Músico Ivan e Zinho, presidente da ACIMMARF no aniversário de dois anos - Foto: Alzemi Machado
Músico Ivan e Zinho, presidente da ACIMMARF no aniversário de dois anos – Foto: Alzemi Machado

Resilientes, os guerreiros e guerreiras foram à luta e fundaram a ACIMMARF no dia 19 de junho de 2024, objetivando defender e fortalecer às práticas relacionadas à manutenção, preservação e fruição das marchinhas na cena cultural e patrimonial da cidade. E na festa comemorativa aos dois anos da agremiação, cerca de 70 associados se confraternizaram no último dia 19 de junho.

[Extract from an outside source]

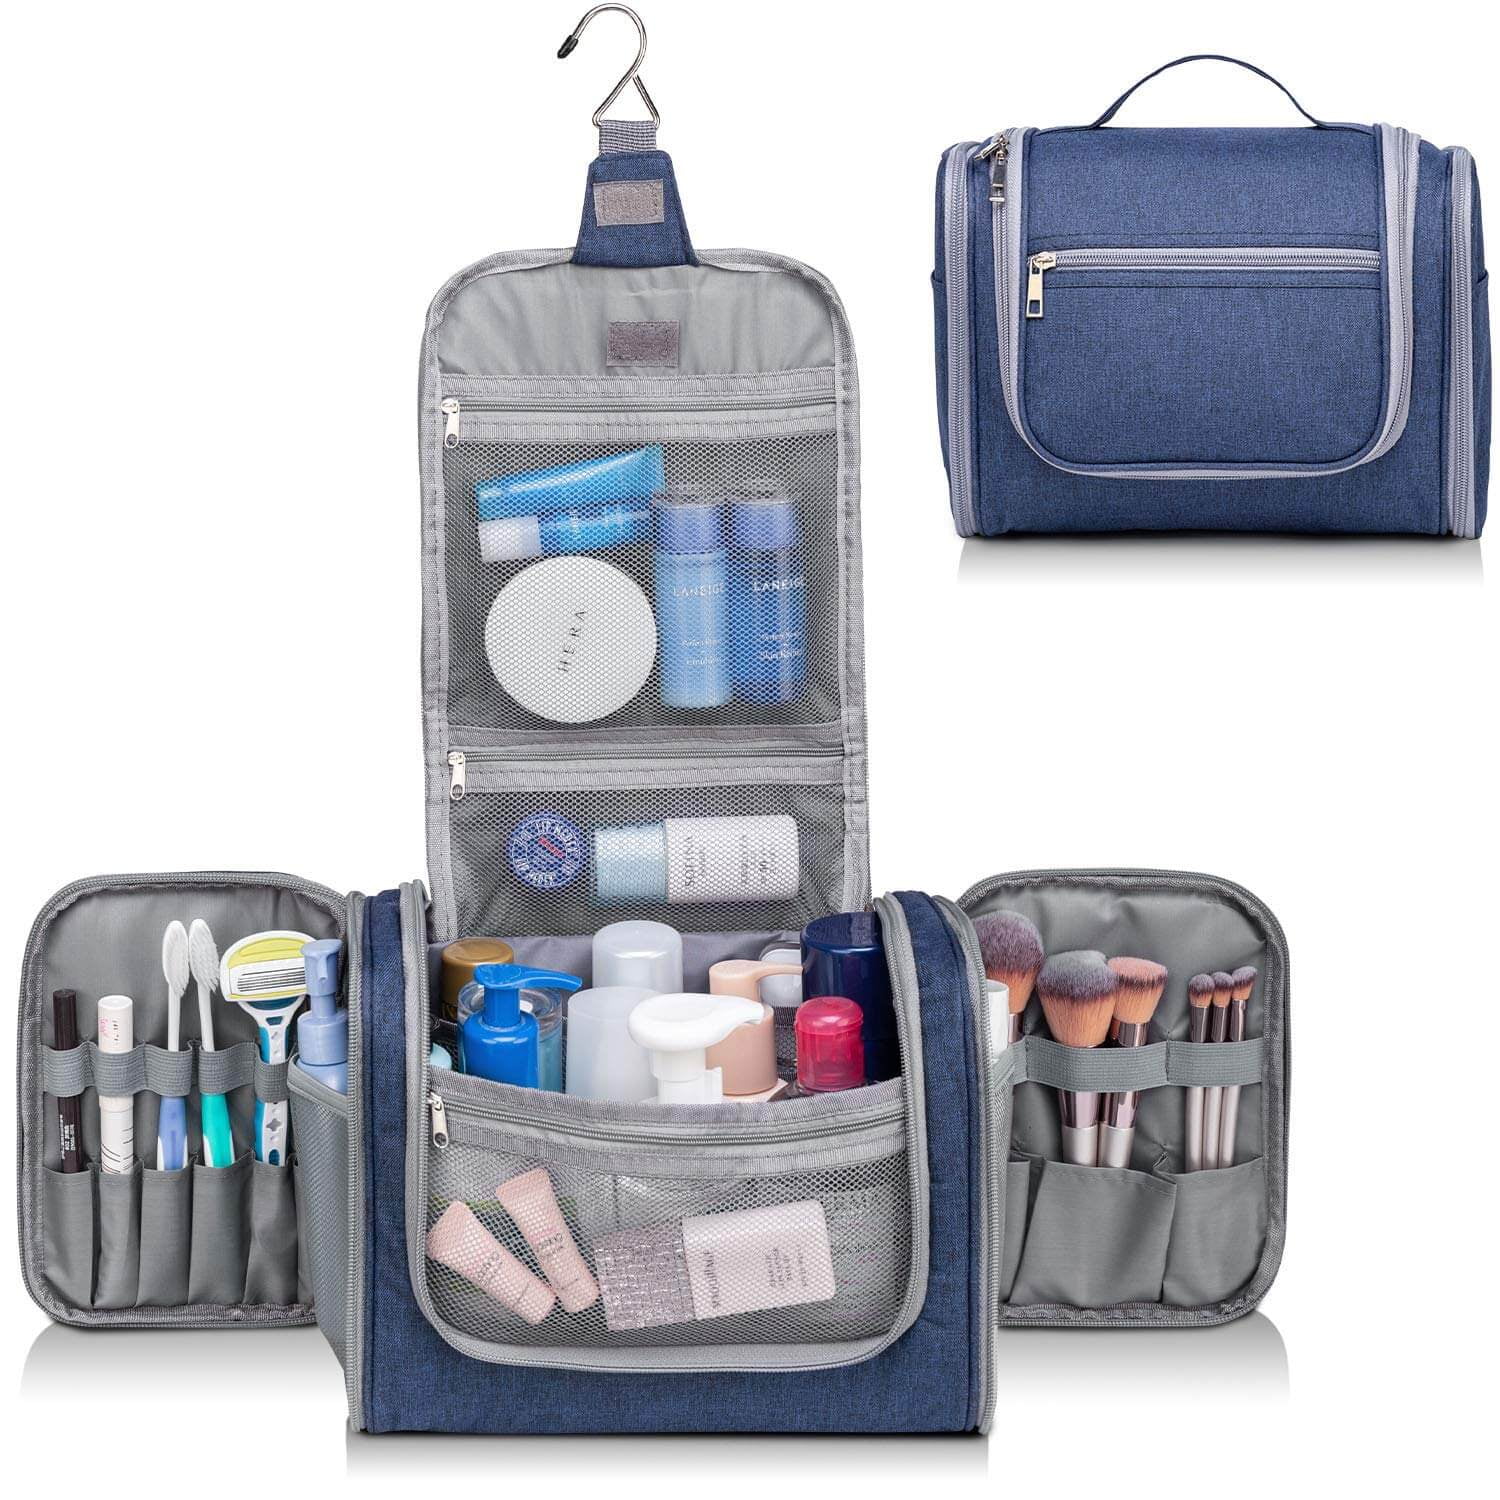 Cosmetic travel bag set

As interpretações e musicalidades de Amaro Costa, Ninho, Cláudio Caldas, Tânia Buch, Paulo Roberto, Nilson Nunes, Silvia Silveira, Biele, Zinho, Josué Costa, Márcia Reginato, Leila Rosa, Ivan Schmidt e Marcinho Pedrini, fizeram brotar emoção e memória. Uma das conquistas da jovem associação deu-se com sancionamento da Lei nº 11.616/2026, que institui o Dia Municipal do Concurso de Marchinhas e Marchas-Rancho, objetivando garantir a realização do evento na quarta-feira anterior a semana do Carnaval, fomentando a difusão da identidade cultural local, assegurando espaço para expressões artísticas populares e autorais.

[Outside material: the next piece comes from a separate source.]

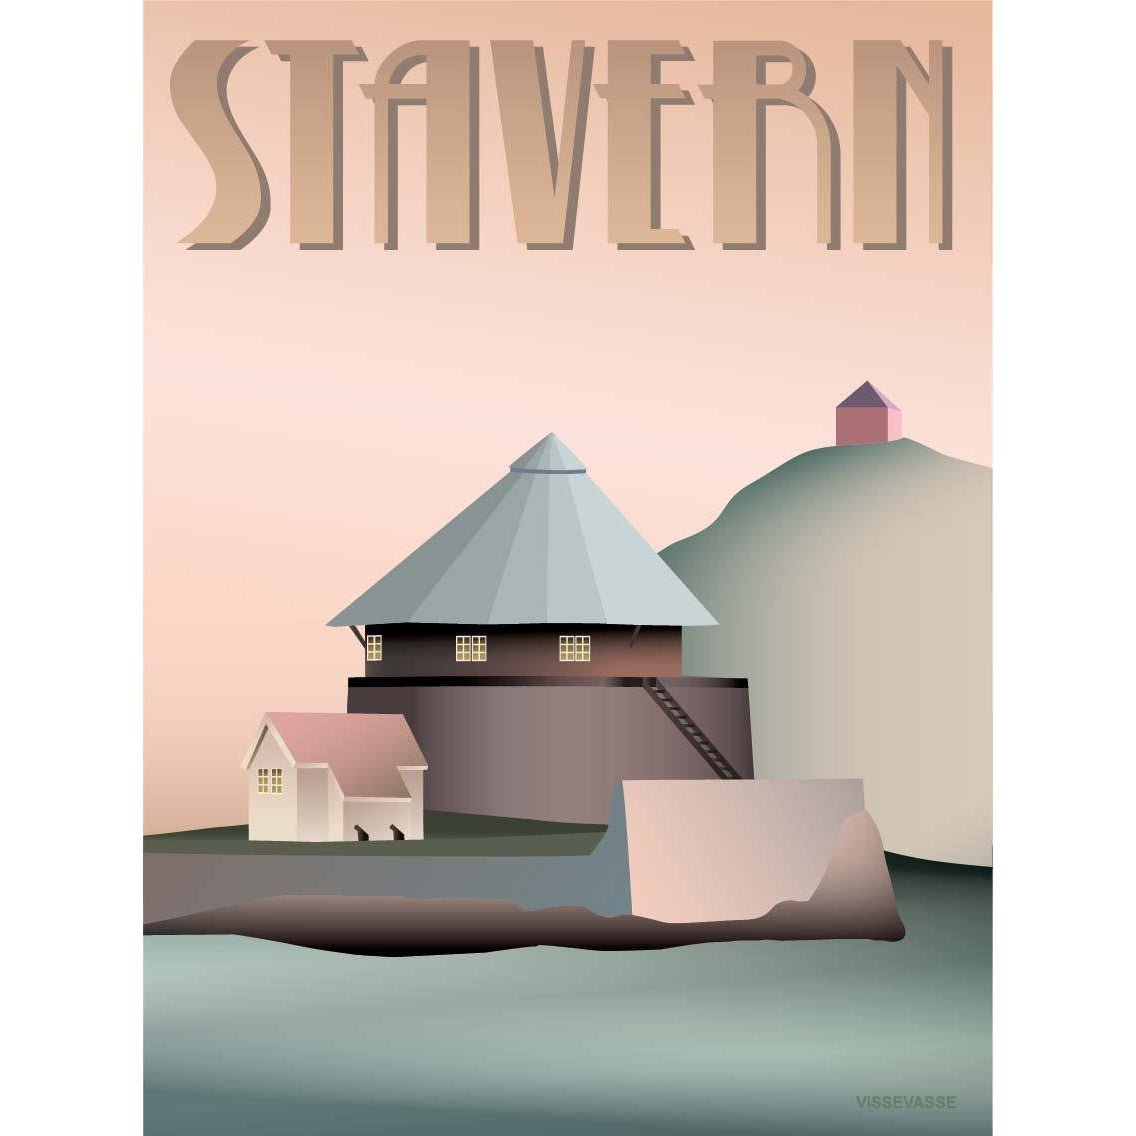 Vissevasse Stavern Citadel Records, 15 x21 cm

Compositor Josué Costa no Aniversário da ACIMMARF - Foto: Alzemi Machado
Compositor Josué Costa no Aniversário da ACIMMARF – Foto: Alzemi Machado

Ao defini-las em marco legal, a municipalidade reconhece tardiamente que tais gêneros musicais constituem-se manifestações culturais e de identidade da nossa gente. Porém, é preciso reconhecer o envolvimento de personalidades artísticas, partes indissociáveis da caminhada histórica e cultural.

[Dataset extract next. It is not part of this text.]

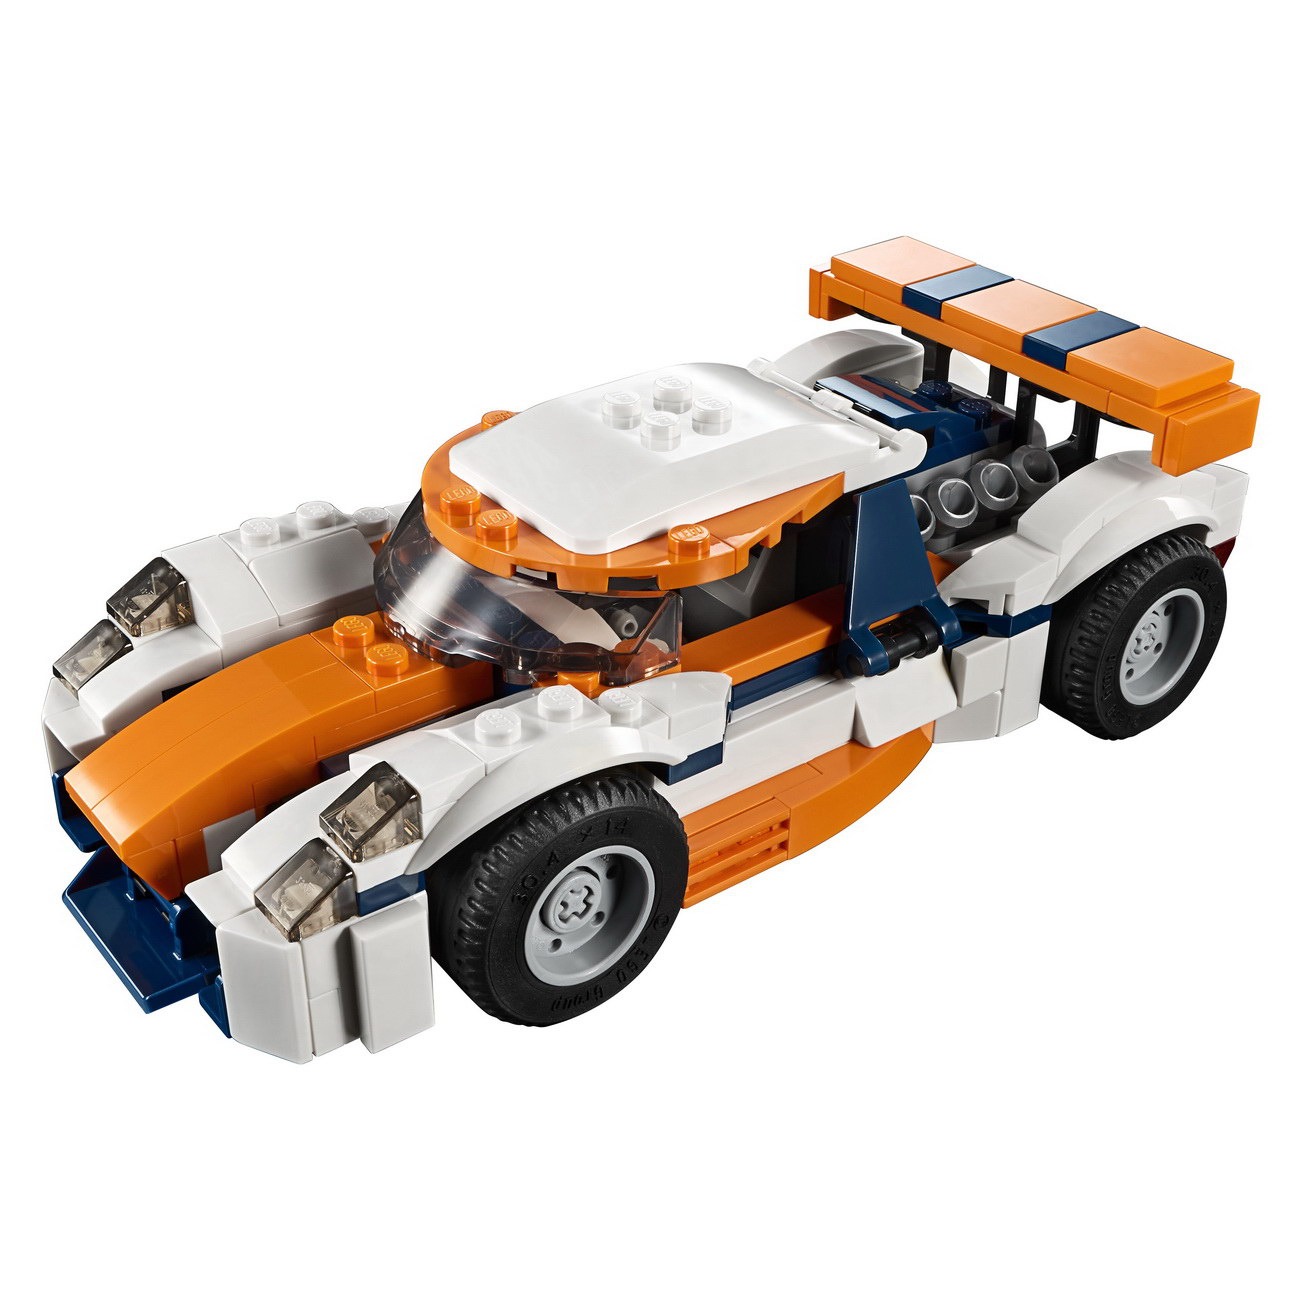 LEGO Creator 31089 - Rennwagen

Sem a devida intenção de omitir nomes, cito a contribuição e o engajamento de Nelson Wagner, Edu Aguiar, Carvalhinho, Zuvaldo Ribeiro, Duda Vieira, Deto, Tuca, Rui Neves, Zanzibar Lima, Walter Santos, Wilton Pimentel, Wagner Segura, Fernanda Rosa, Cesinha Nunes, Marta Magda, Willian Farias, Débora Machado, André Calibrina, André Ventura, Denise de Castro, Leleco Lemos, Cláudia Barbosa, Jandira Sousa, Maria Helena, Sílvia Beraldo, Soninha, Bira Pernilongo e tantos outros contemporâneos que se mesclam aos compositores e intérpretes do passado, imprescindíveis na construção do presente, a quem devemos reverenciá-los.